Olympus Has Fallen was arguably the better of 2013’s two Die Hard-In-The-Oval-Office movies, pipping White House Down by pitting Gerard Butler’s Secret Service alpha male Mike Banning as a one-man-army against an endless stream of North Korean wrong ’uns, armed with only his wits and his walkie-talkie quips. Like Die Hard, it was claustrophobic, pacy and fun (if not entirely worthy to lick John McClane’s glass-spattered feet) — and like Die Hard, it has spawned a franchise of somewhat diminishing returns.
This is a series that featured dialogue ranging from the action-movie gold (“Let’s play a game of fuck off — you go first”) to the unintentionally hilarious (“I’m thirsty as fuck!”) to the simply offensive (“go back to Fuckheadistan!”). Gerard Butler certainly has a niche, and knows it. But while he seems like an actor who doesn’t take himself too seriously, Angel Has Fallen curiously does. There is none of the sly pisstakery that the first two films had, and, at least until a spectacularly miscalculated mid-credits scene, a sober tone throughout.
The inner turmoil of Mike Banning, then? Nobody really asked to get under the skin of the man once self-described as made of “bourbon and poor choices” — but that’s what we’re getting, as Banning’s years of action heroics catch up with him, suffering from migraines and pill addictions. “You’re a disaster waiting to happen,’’ a doctor tells him, which might be too easy a gift to more unforgiving critics.
The action hovers between good and just adequate.

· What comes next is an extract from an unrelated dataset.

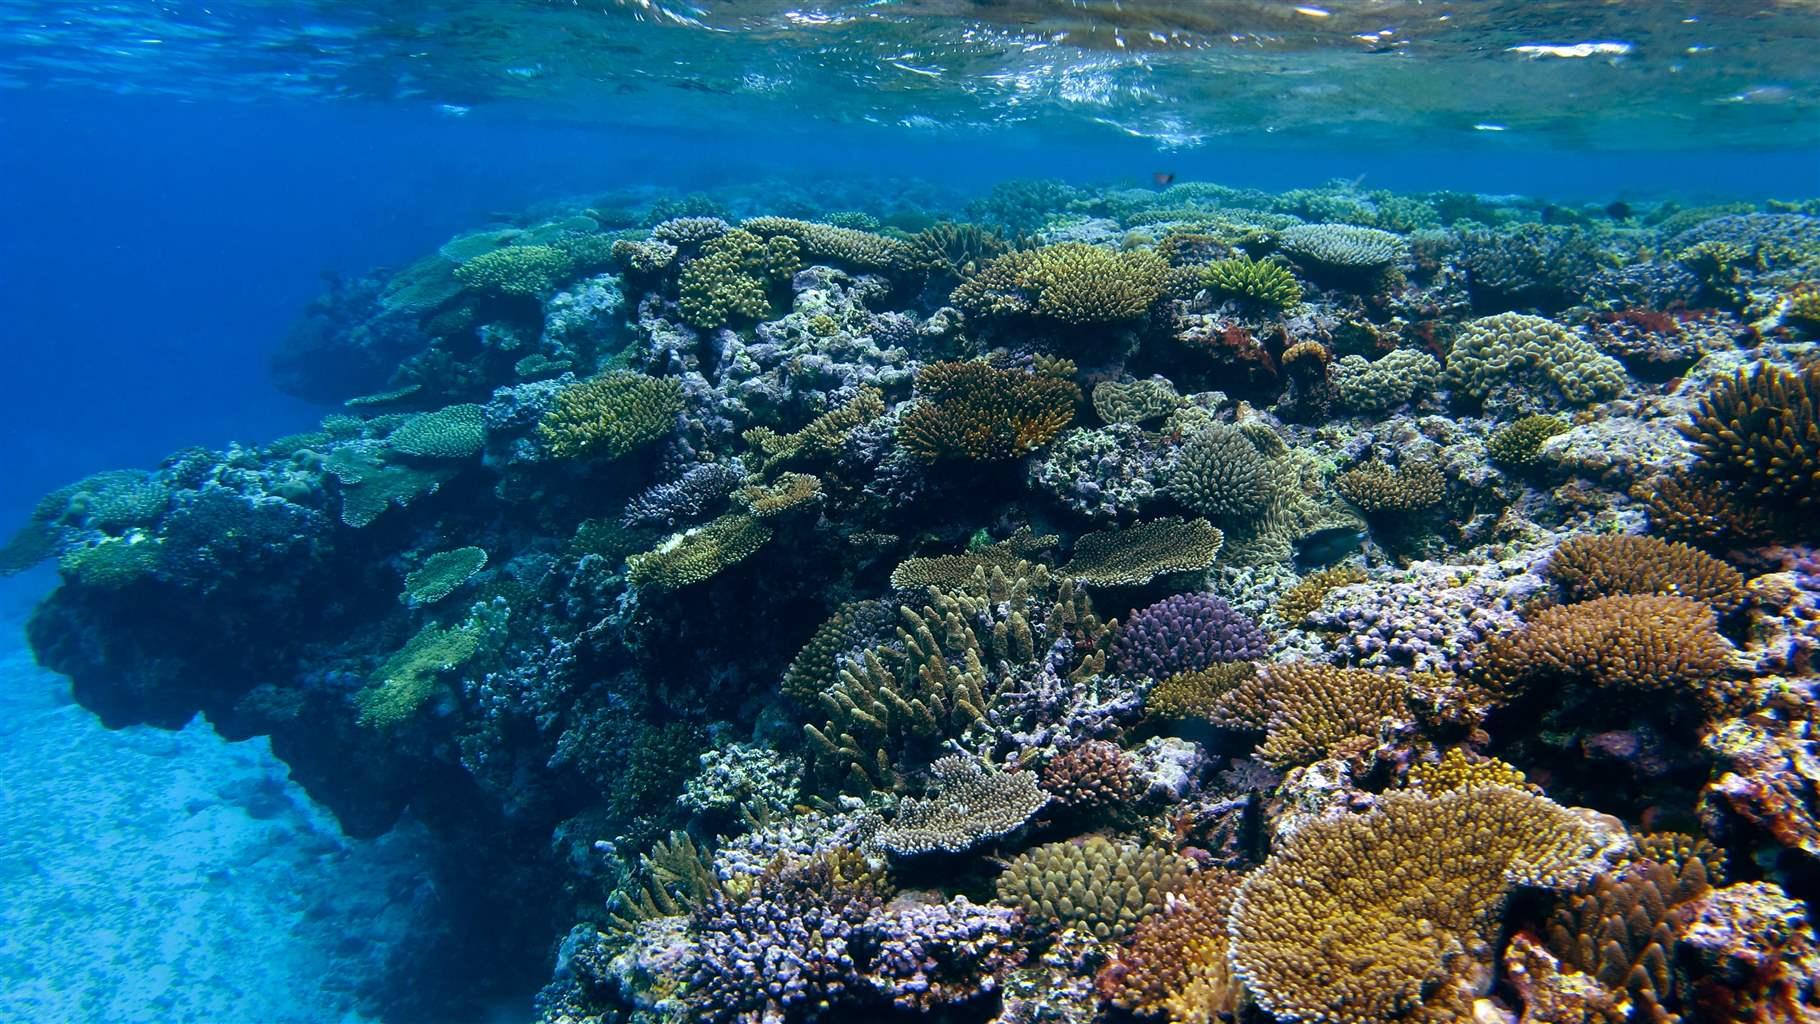 Coral reefs and organisms in New Caledonia underwater

After palling around with an old army buddy played by Danny Huston (and you can always absolutely, definitely trust a Danny Huston character) Banning finds himself on the run — the guardian angel of the title, his reputation in tatters. Like the last film, the expanded geography means that original claustrophobia is gone, and there are certainly times when it feels like a generic action B-movie. Elite high-tech baddies, cyber warfare, vagaries about the military industrial complex, evil Russkies — you will know the drill.
The action hovers between good and just adequate. Budget constraints can occasionally be felt; some VFX shots seem lifted from a PlayStation2 cutscene. Other sequences are worryingly incoherent — worst among them a fight in a car, at night, with the lights off, shot in close-ups and so choppily edited that it’s not actually clear who’s winning.
But as far as Gerard Butler action vehicles go, it could have been a lot worse. There’s less guilty-pleasure silliness, but also less ugly jingoism, which is welcome. And in the final act, it harkens back to the series’ bread-and-butter: a Secret Service under fire, protecting the primary asset at all costs, full of tension and terror. It even allows, amid all the machismo, for some vulnerability in Banning Sr, a Vietnam vet played by Nick Nolte with remarkable sensitivity. At least until he starts setting off C4 in a forest. So it goes.